28-) Elem tera ilelleziyne beddelu nı'metellahi küfren ve ehallu kavmehüm darel bevar;
Görmez misin, Allâh nimetini (hakikat bilgisini) küfür (inkâr) ile değiştiren ve kendi toplumunu dar'ül bevar'a (hakikatin getirisi olmayan yaşama) indiren kimseleri? (Dar'ül Bevar = hakikatin getirisi olmayan yaşam) (A.Hulusi)
28 - Bakmaz mısın onlara ki Allahın nimetini küfre değiştiler ve kavimlerini helâk yurduna kondurdular. (Elmalı)
Elem tera ilelleziyne beddelu nı'metellahi küfren ve ehallu kavmehüm darel bevar; Görmez misin Allah’ın nimetini küfürle takas edenleri, ve kavimlerini helak diyarına sürükleyen kimseleri, baksana şunlara. Allah’ın kendilerine olan nimetlerini.

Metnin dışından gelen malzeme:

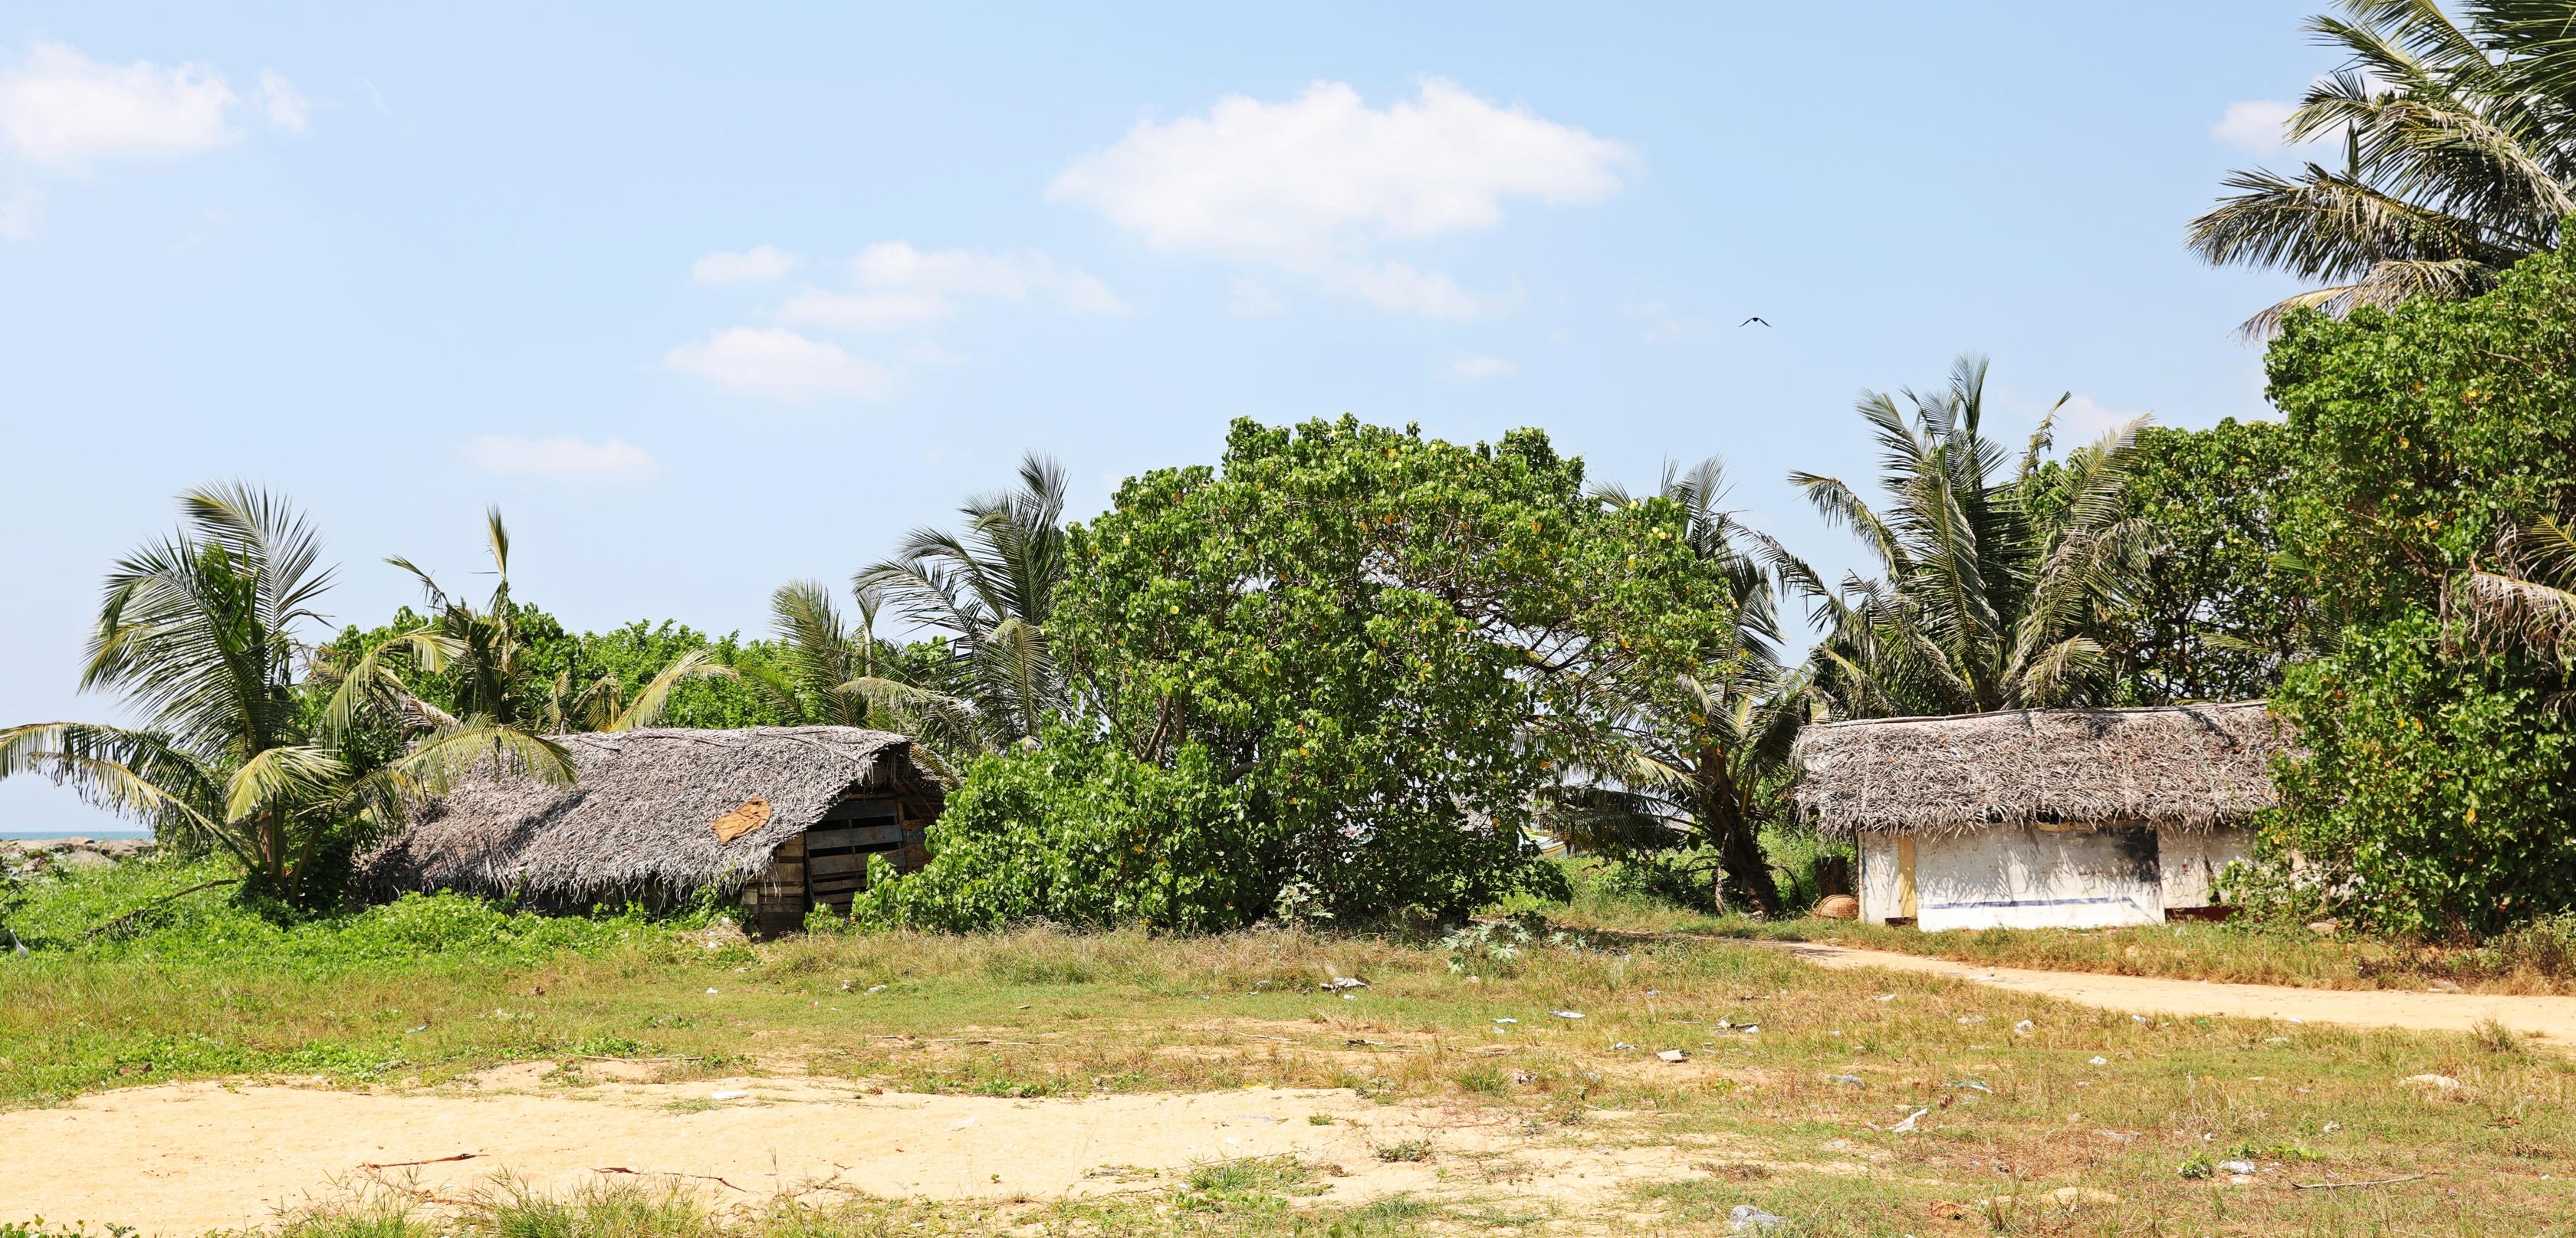 Fishing shacks, Negombo Beach

Nı'metellah Arap dilindeki bir kurala göre eğer mastar muzaf olarak gelir ve tekil olursa çoğul anlaşılabilir. Enamallah diye okuyabiliriz, anlayabiliriz. Allah’ın nimetini, nimetlerini küfürle takas edenler sonuçta helak yurduna sürüklenirler diyor ayet. Bu helak yurdu ne imiş, müteakip ayet onu söylüyor.
29-) Cehennem* yaslevneha* ve bi'sel karar;
Cehennem'dir ki ona yaslanırlar! Ne kötü bir yaşam boyutudur o! (A.Hulusi)
29 - Cehenneme, yaslanırlar ona, o ise ne fena makardır. (Elmalı)
Cehennem* yaslevneha* ve bi'sel karar; Cehenneme evet, oraya varıp dayanacaklar ve orası ne berbat bir ikametgahtır.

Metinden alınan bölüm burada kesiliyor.